Stackable images of Apache Hadoop contain the necessary binaries and libraries to use the HDFS FUSE driver. To use the FUSE driver you can either copy the required files out of the image and run it on a host outside of Kubernetes or you can run it in a Pod. This Pod, however, needs some extra capabilities.

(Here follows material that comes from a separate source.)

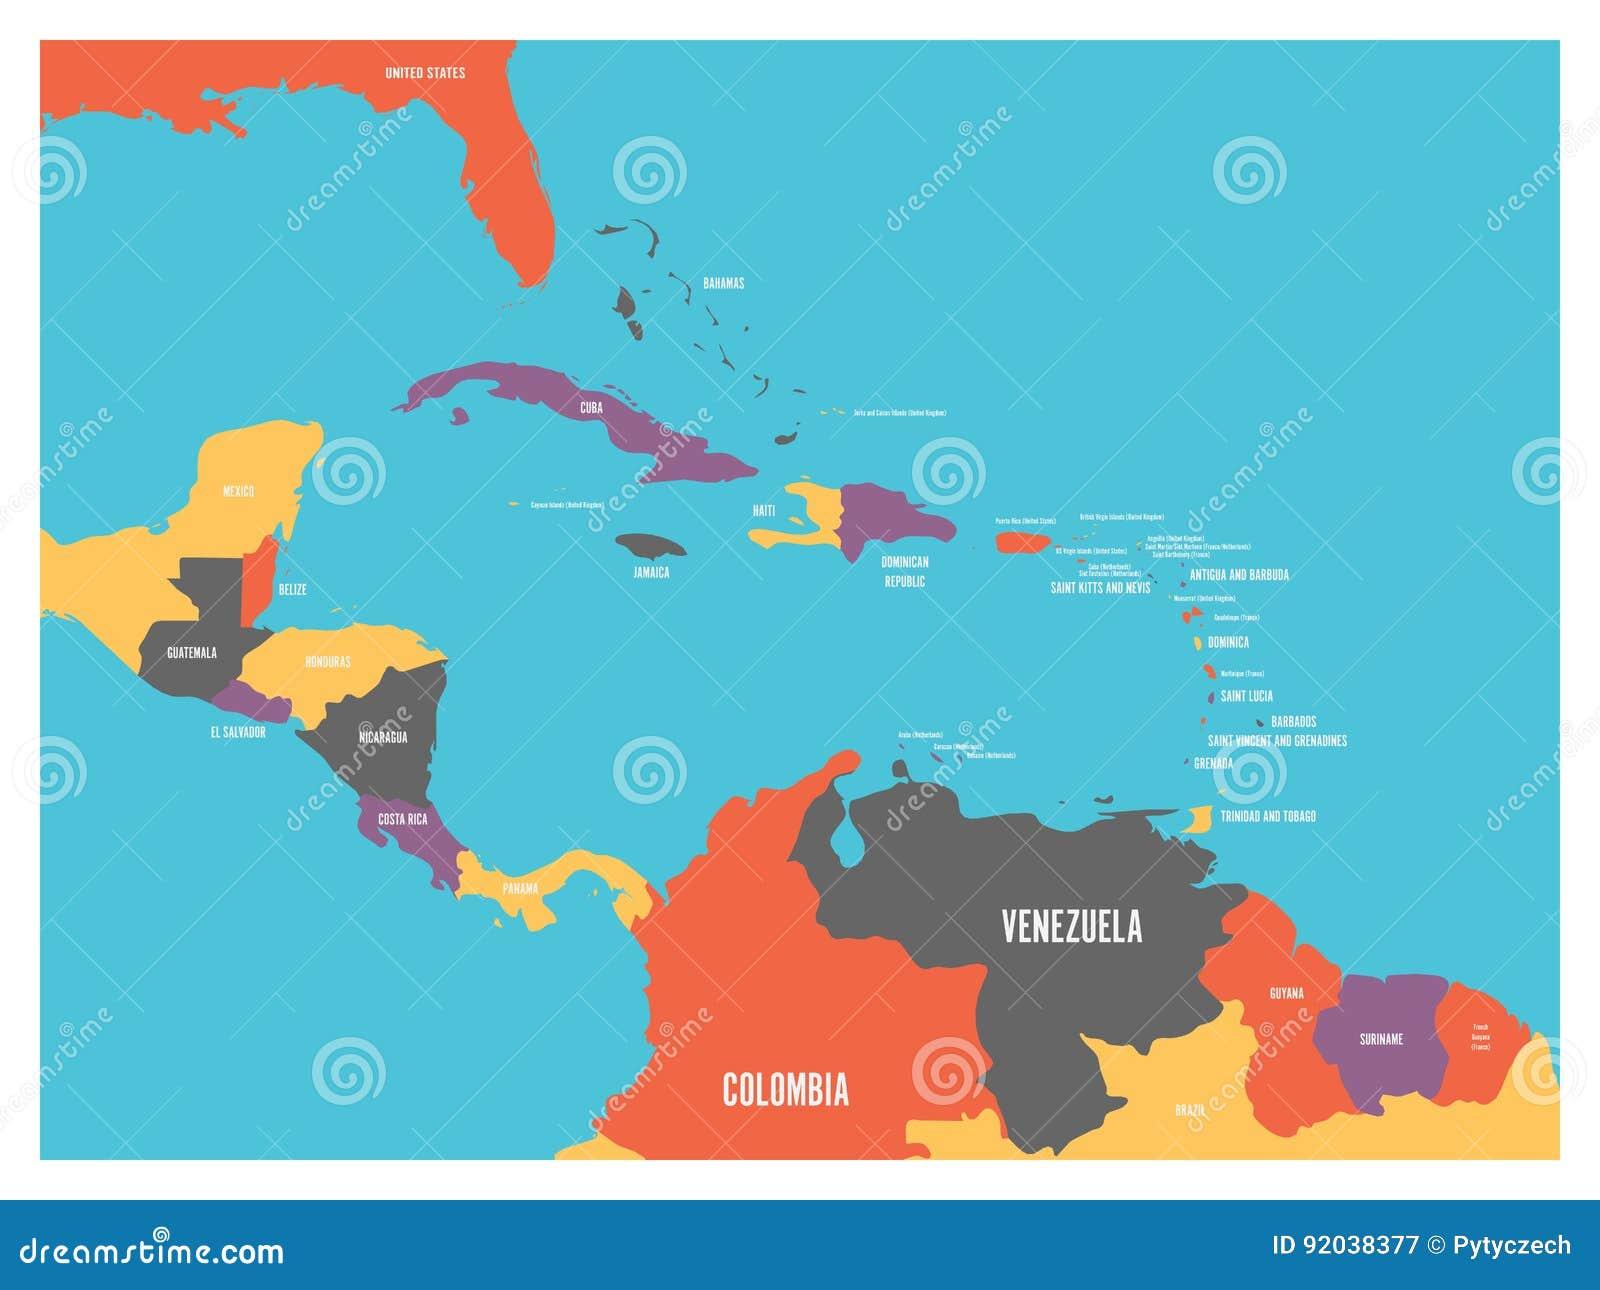 Κεντρική Αμερική και καραϊβικός κρατικός πολιτικός χάρτης με τις ετικέτες ονομάτων χωρών Απλή επίπεδη διανυσματική απεικόνιση

This is an example Pod that works as long as the host system that is running the kubelet does support FUSE:
apiVersion: v1
kind: Pod
metadata:
name: hdfs-fuse
spec:
containers:
- name: hdfs-fuse
env:
- name: HADOOP_CONF_DIR
value: /stackable/conf/hdfs
image: docker.stackable.tech/stackable/hadoop:<version> (1)
imagePullPolicy: Always
securityContext:
privileged: true
command:
- tail
- -f
- /dev/null
volumeMounts:
- mountPath: /stackable/conf/hdfs
name: hdfs-config
volumes:
- name: hdfs-config
configMap:
name: <your hdfs here> (2)
1 | Ideally use the same version your HDFS is using. Stackable HDFS images contain the FUSE driver since 23.11. |
2 | This needs to be a reference to a discovery ConfigMap as written by the HDFS operator. |
Privileged Pods
Instead of Example
Unfortunately, there is no way around some extra privileges. In Kubernetes the Pods usually share the Kernel with the host running the Kubelet, which means a Pod wanting to use FUSE needs access to the underlying Kernel modules. |
Inside this Pod you can get a shell (e.g. using kubectl exec --stdin --tty hdfs-fuse — /bin/bash
) to get access to a script called fuse_dfs_wrapper
(it is in the PATH
of our Hadoop images).
To see the available options, call the script without any parameters.
To mount HDFS call the script like this:
fuse_dfs_wrapper dfs://<your hdfs> <target> (1) (2)
# This runs in debug mode and stays in the foreground
fuse_dfs_wrapper -odebug dfs://<your hdfs> <target>
# Example:
mkdir simple-hdfs
fuse_dfs_wrapper dfs://simple-hdfs simple-hdfs
cd simple-hdfs
# Any operations in this directory now happens in HDFS
1 | Again, use the name of the HDFS service as above |
2 | target is the directory in which HDFS is mounted, it must exist otherwise this command fails |